_Exercise requirements:_
Verbatim output of the lines below is required, with the images omitted.

_Data shown:_
-------------------------

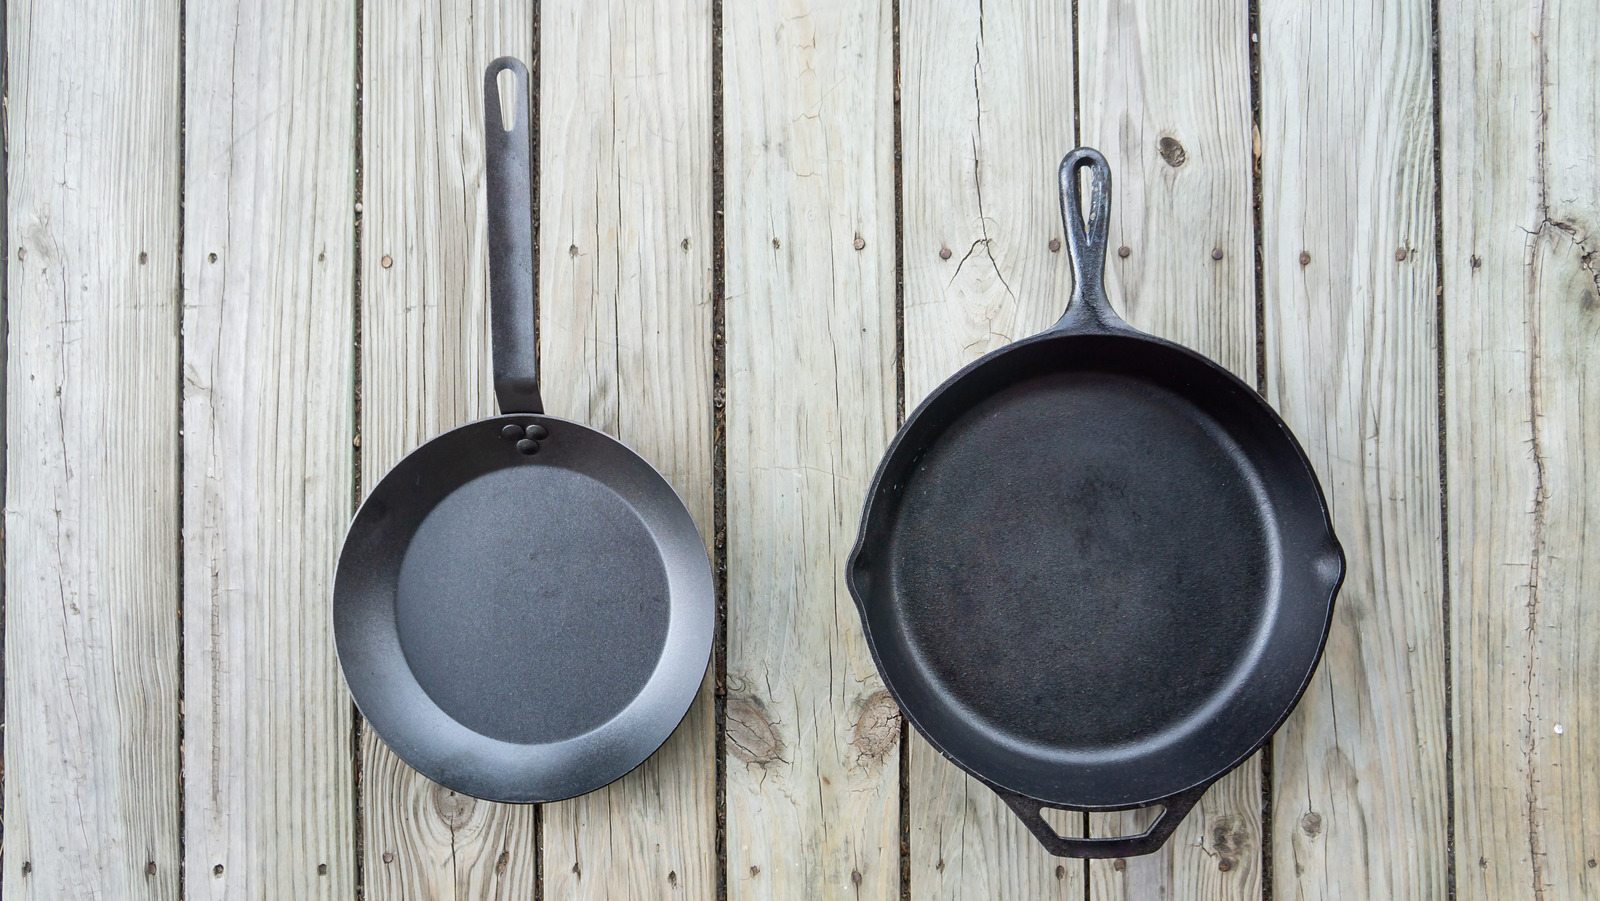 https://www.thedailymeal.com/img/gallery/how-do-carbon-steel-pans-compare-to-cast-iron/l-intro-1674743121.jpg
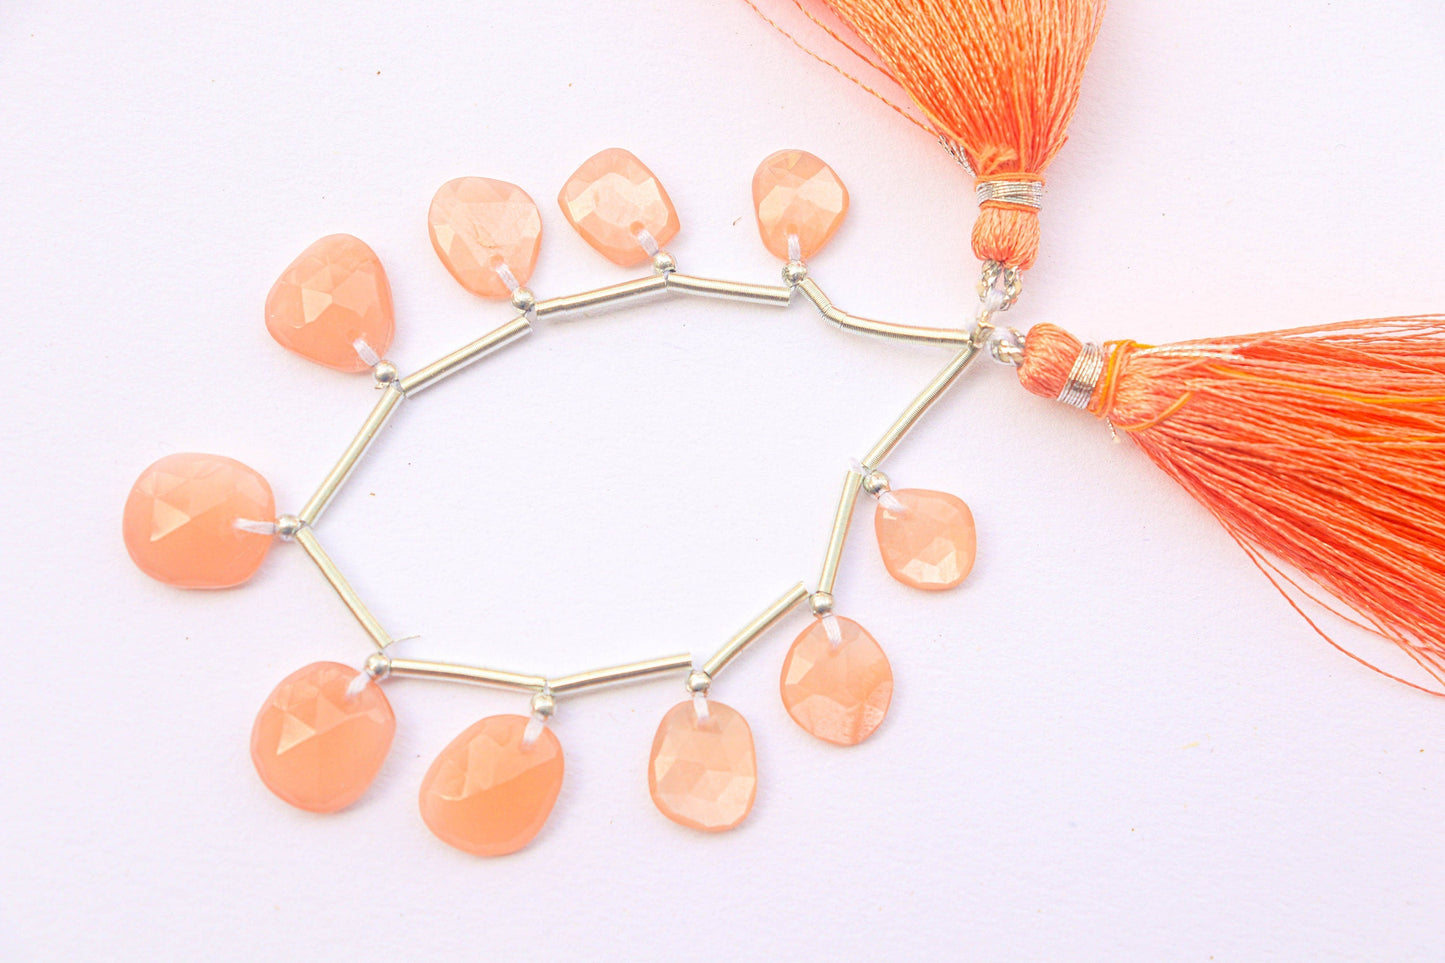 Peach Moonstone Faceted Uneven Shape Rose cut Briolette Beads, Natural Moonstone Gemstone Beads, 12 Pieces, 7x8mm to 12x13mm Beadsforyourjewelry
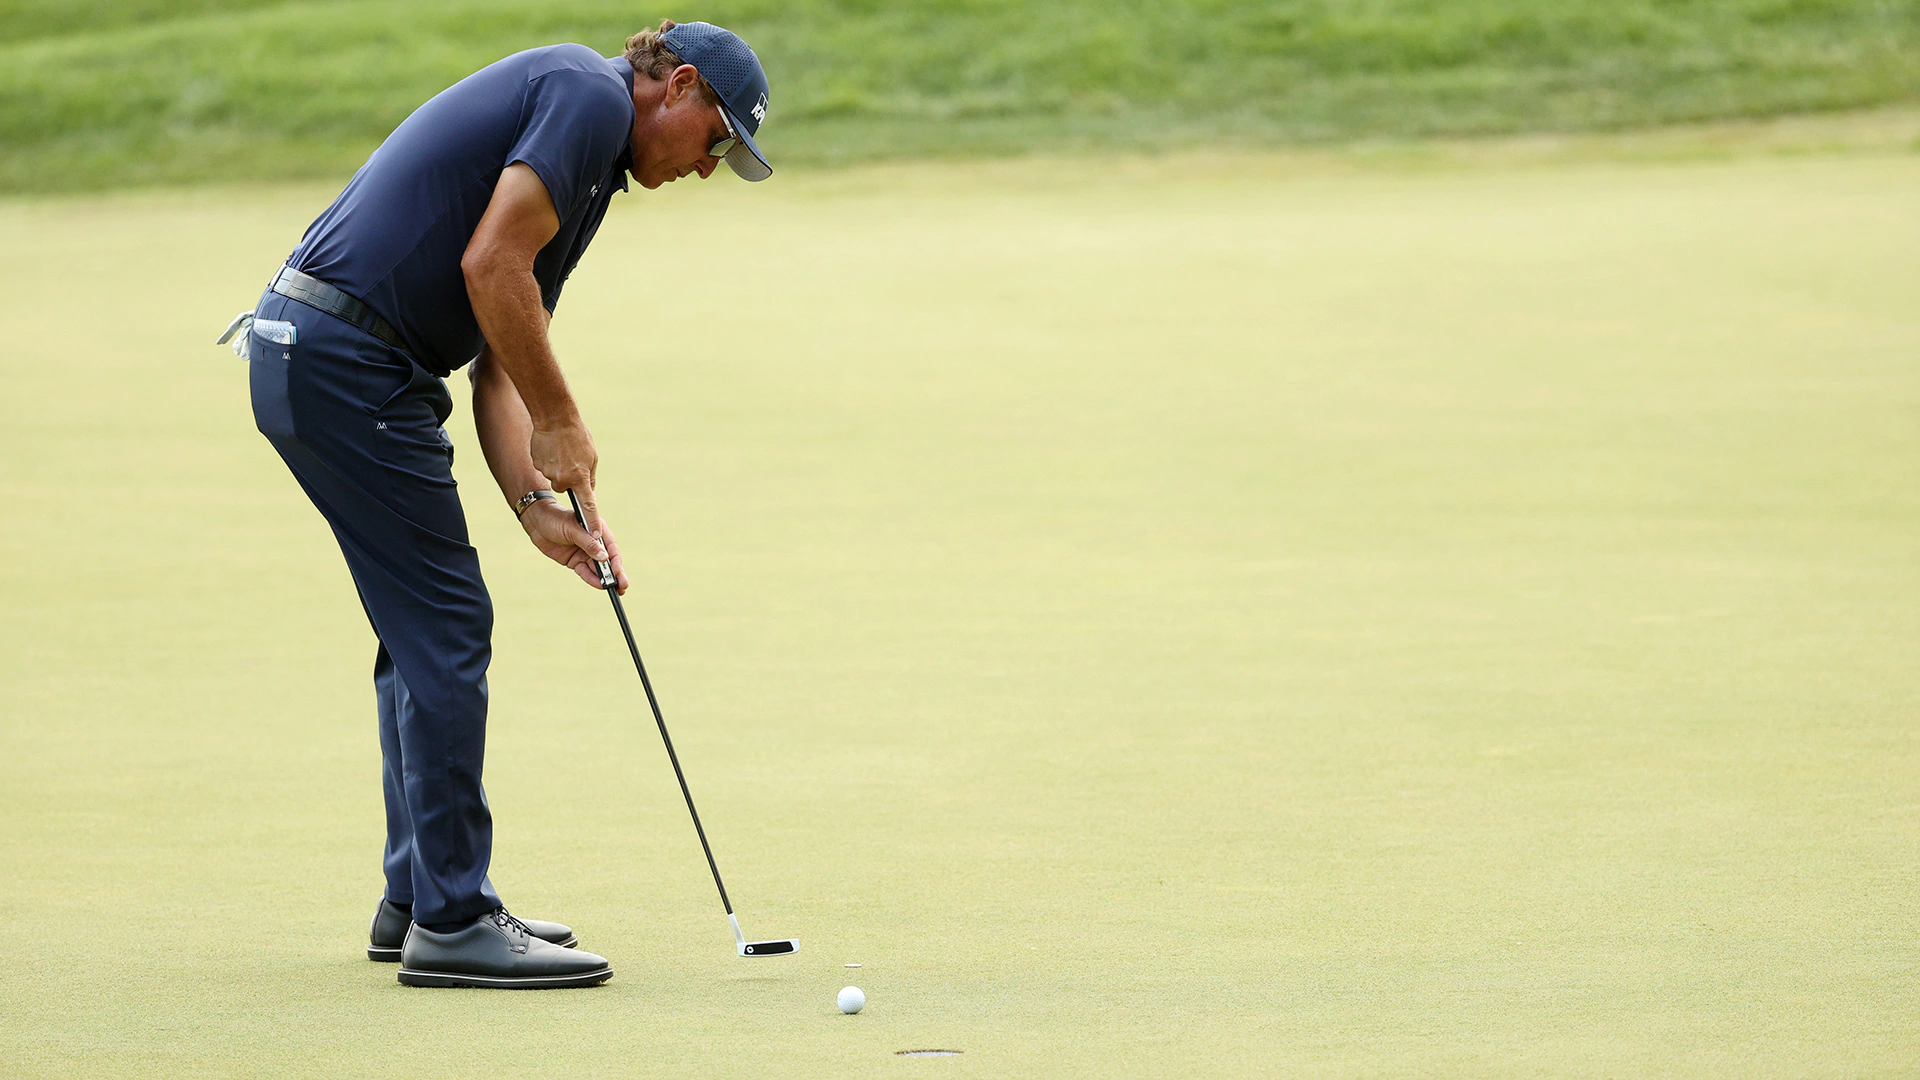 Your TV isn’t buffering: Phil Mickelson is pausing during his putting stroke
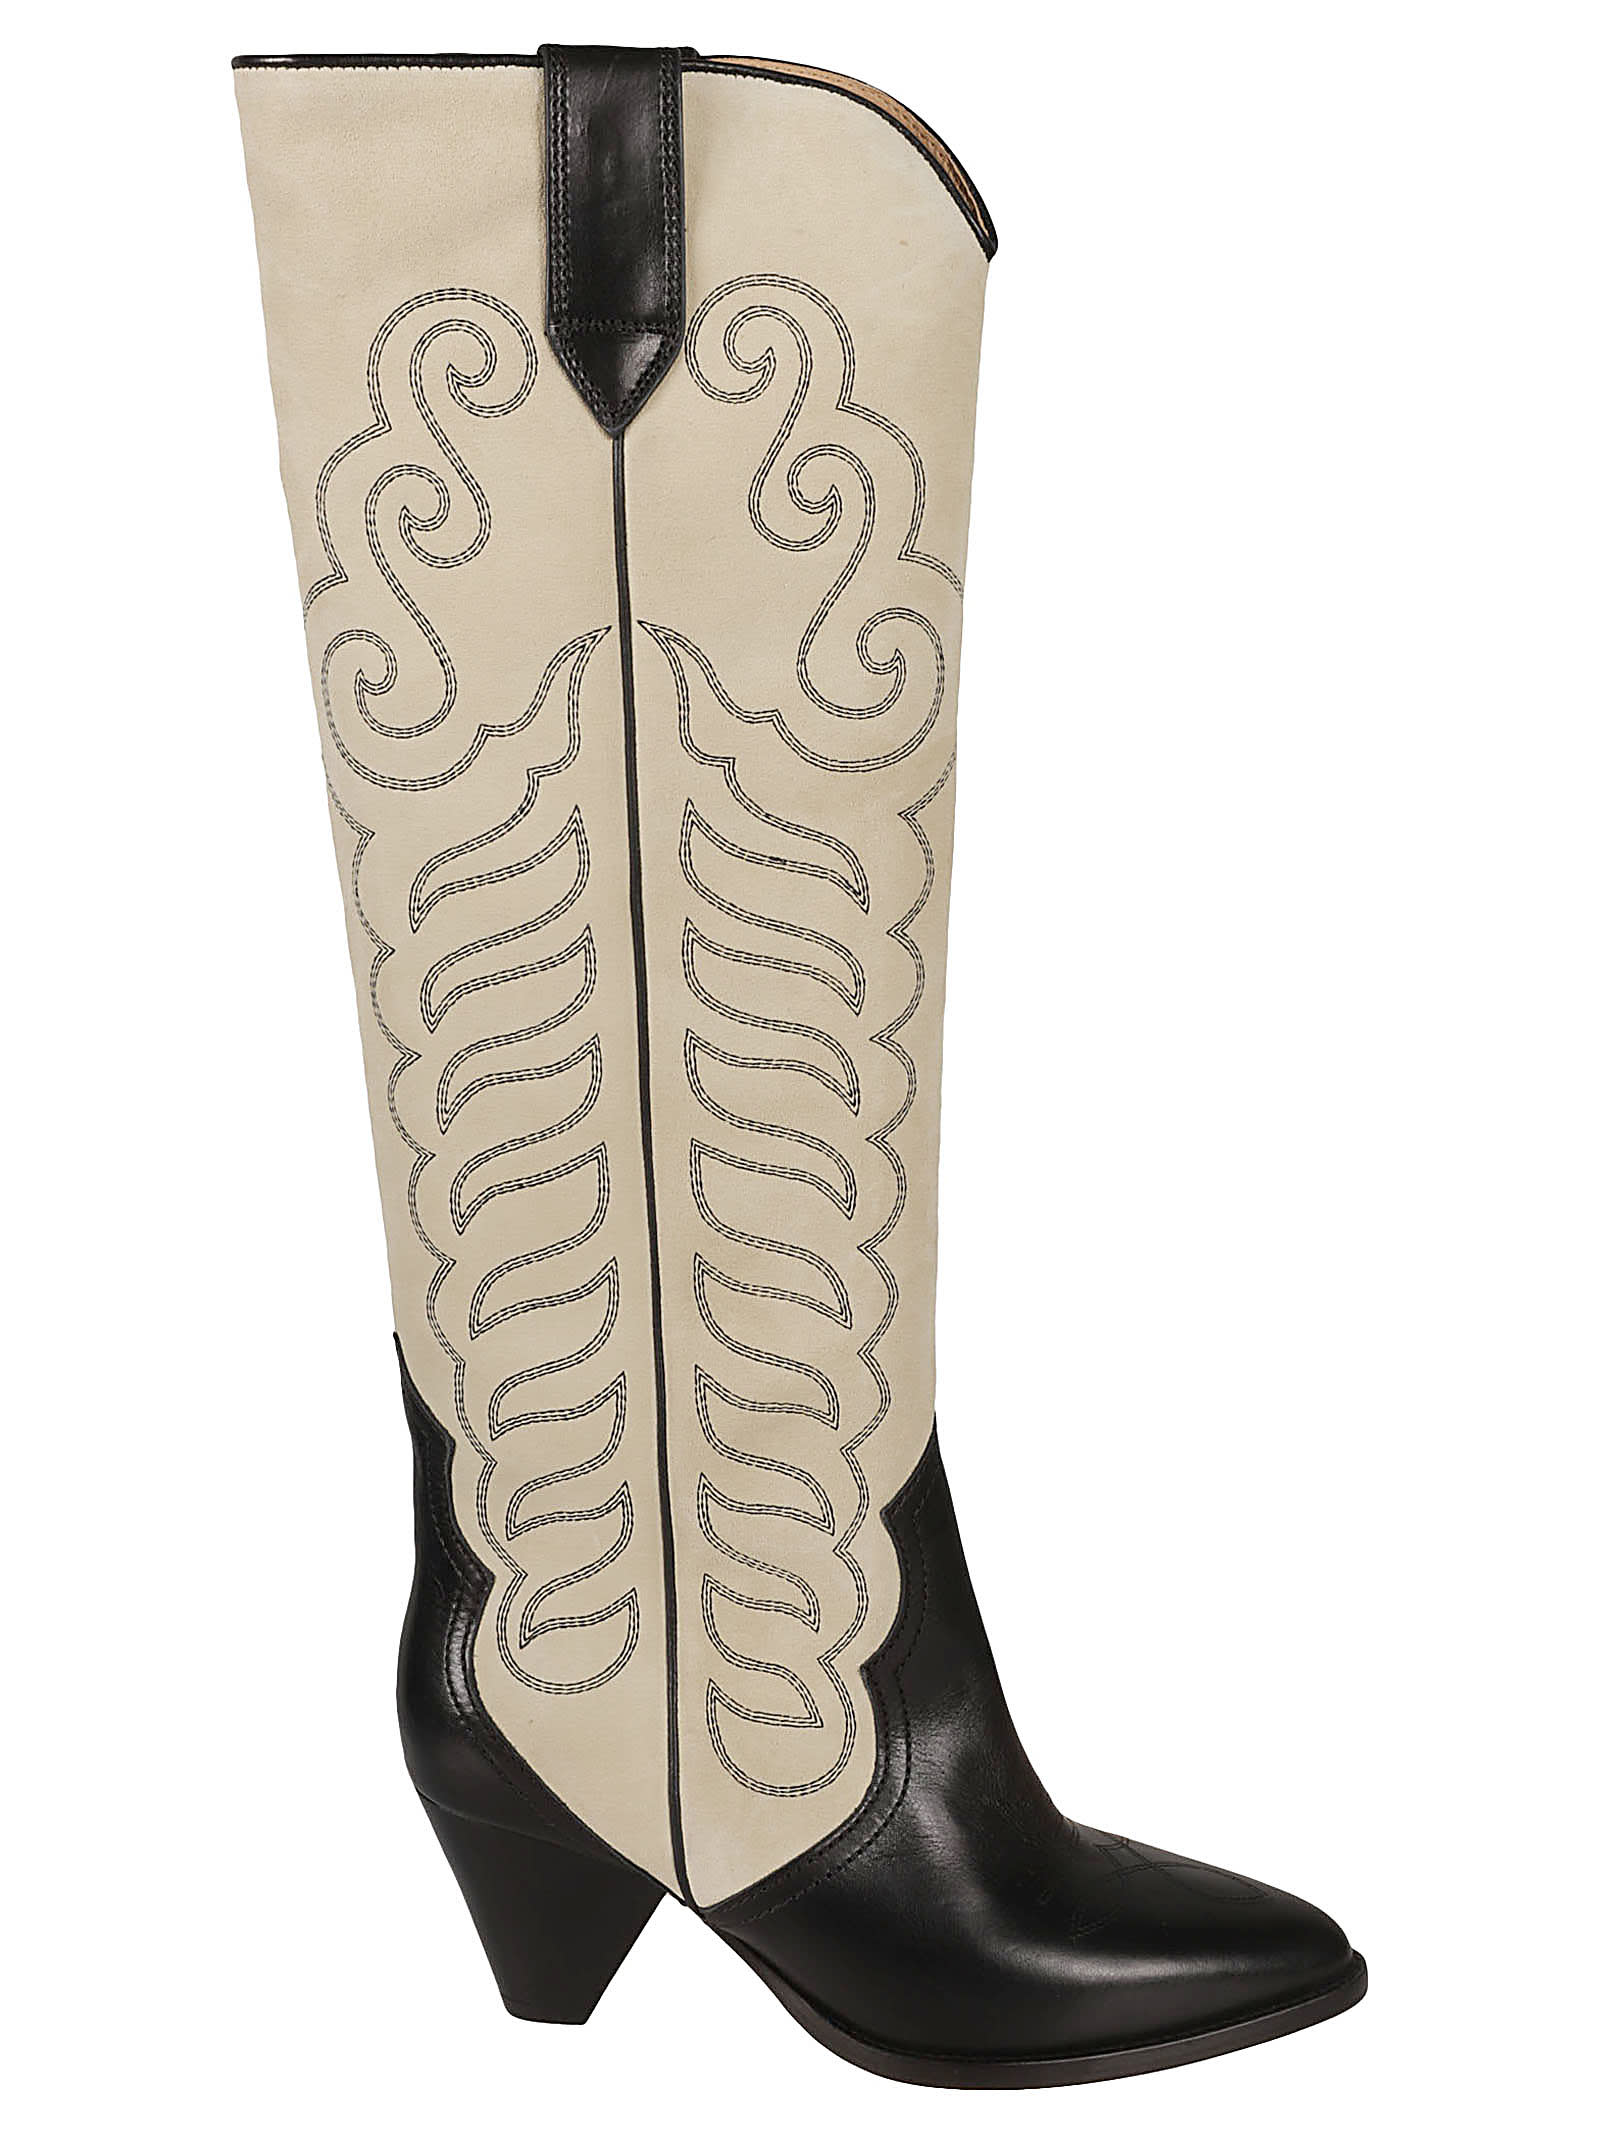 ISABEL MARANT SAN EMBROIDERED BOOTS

-------------------------

_Your response:_
 https://www.thedailymeal.com/img/gallery/how-do-carbon-steel-pans-compare-to-cast-iron/l-intro-1674743121.jpg
 Peach Moonstone Faceted Uneven Shape Rose cut Briolette Beads, Natural Moonstone Gemstone Beads, 12 Pieces, 7x8mm to 12x13mm Beadsforyourjewelry
 Your TV isn’t buffering: Phil Mickelson is pausing during his putting stroke
 ISABEL MARANT SAN EMBROIDERED BOOTS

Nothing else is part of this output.